News Outlets Examine Trump’s Attitude On Face Masks; Administration’s Defunding Of Virus Research; NEJM Editorial Denouncing White House Pandemic Response
The Hill: New England Journal of Medicine blasts Trump officials’ response to virus, calls for new leaders
“The New England Journal of Medicine on Wednesday, in an unprecedented editorial, denounced the Trump administration’s handling of the coronavirus pandemic and called for voting out ‘current political leaders’ who are ‘dangerously incompetent.’ The harshly worded editorial is the first time the prestigious medical journal, which usually stays out of politics, has weighed in on an election…” (Sullivan, 10/7).

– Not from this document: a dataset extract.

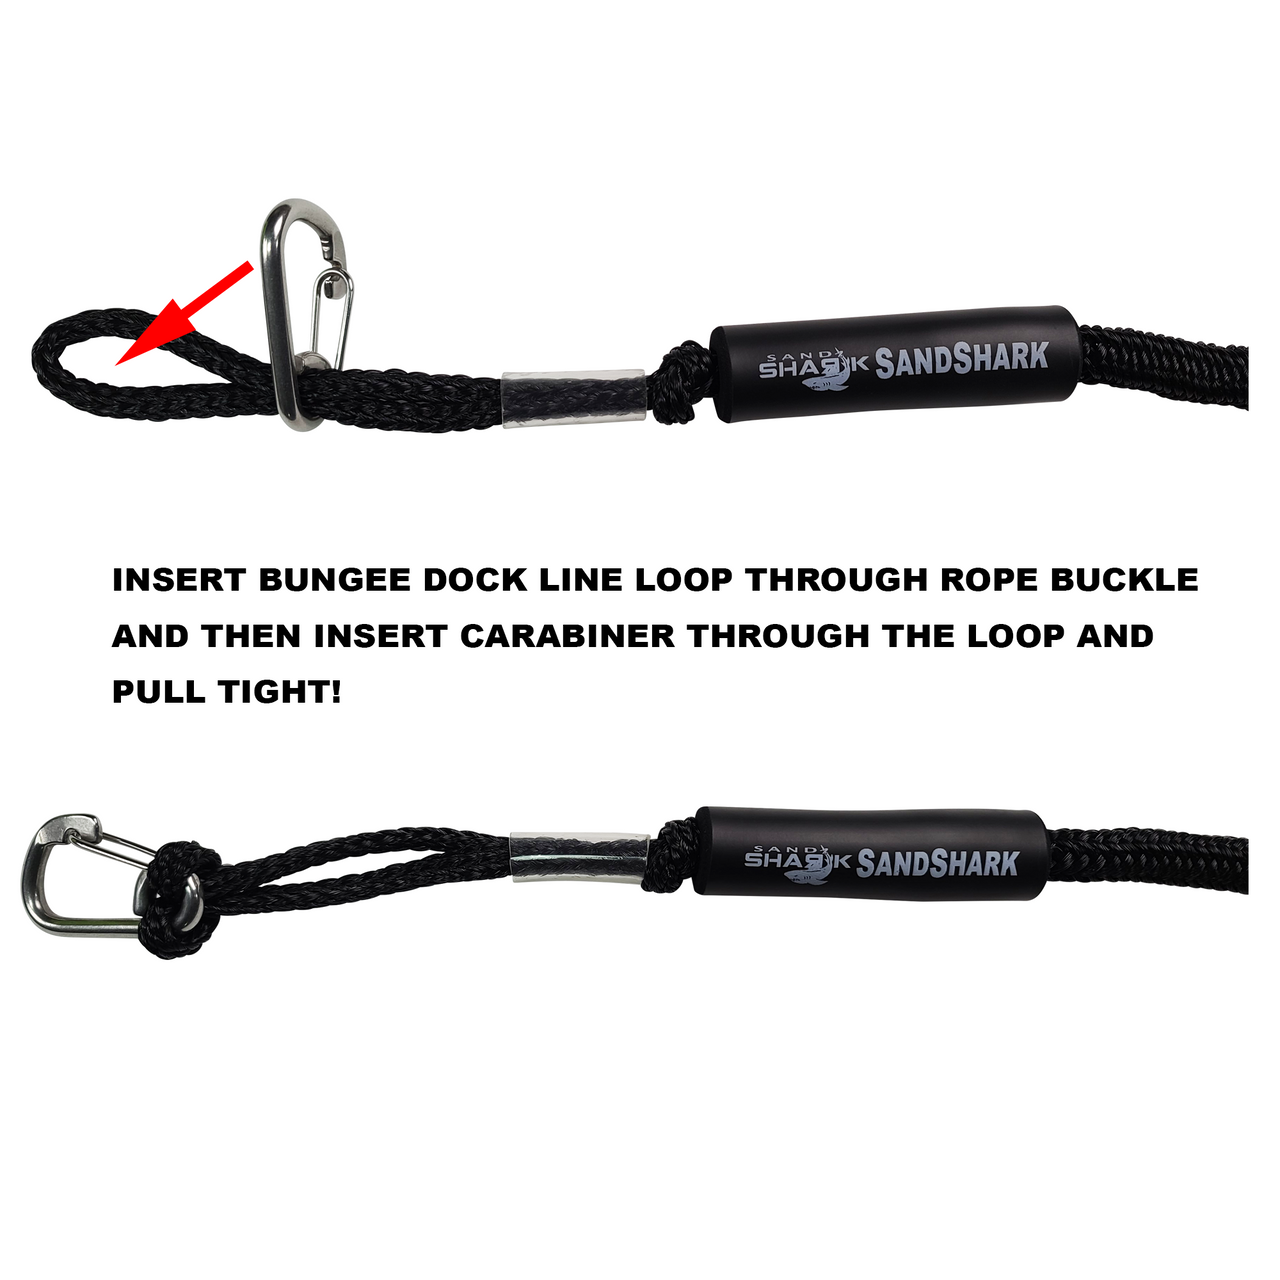 2pcs Carabiner Clip 5/16 inch (8mm) Works Great with Boat Dock

NPR: Ironic Twist: In Spring Trump Halted Research Key To COVID-19 Drug He’s Now Taken
“…Beginning in 2014, virus experts in the U.S. tested remdesivir against some of the bat strains [of coronaviruses] that EcoHealth Alliance had discovered. The results were promising — helping to elevate remdesivir’s profile within pharmaceutical research such that, when the current coronavirus hit, the drug was one of the first options scientists proposed trying against it. Yet in April the National Institutes of Health abruptly terminated funding for the China bat research project with no clear explanation. In the weeks earlier, Trump administration officials had been pushing a largely discredited theory that the Chinese lab that EcoHealth Alliance was partnered with — the Wuhan Institute of Virology — had accidentally released the virus causing COVID-19. And at a White House press conference days before the funding was pulled, Trump erroneously implied that the entirety of the money had gone to the Wuhan Institute and promised that his administration would take action on the issue…” (Aizenman, 10/7).
Washington Post: Trump’s resistance to face masks, even while he is infected with coronavirus, sets him apart from other world leaders
“Among world leaders, President Trump is increasingly isolated on the issue of face masks. After he cast doubt for months on masks’ efficacy in slowing the spread of the novel coronavirus, his resistance to White House precautions even after contracting the virus seemed to forestall the possibility of an about-face. While many world leaders have supported the use of face masks and have chosen to wear them during public appearances — despite, in some cases, earlier reluctance of their own — Trump has delivered mixed, sometimes contradictory guidance, and has often appeared without a mask, donning one in public for the first time in July…” (Noack, 10/7).
The KFF Daily Global Health Policy Report summarized news and information on global health policy from hundreds of sources, from May 2009 through December 2020. All summaries are archived and available via search.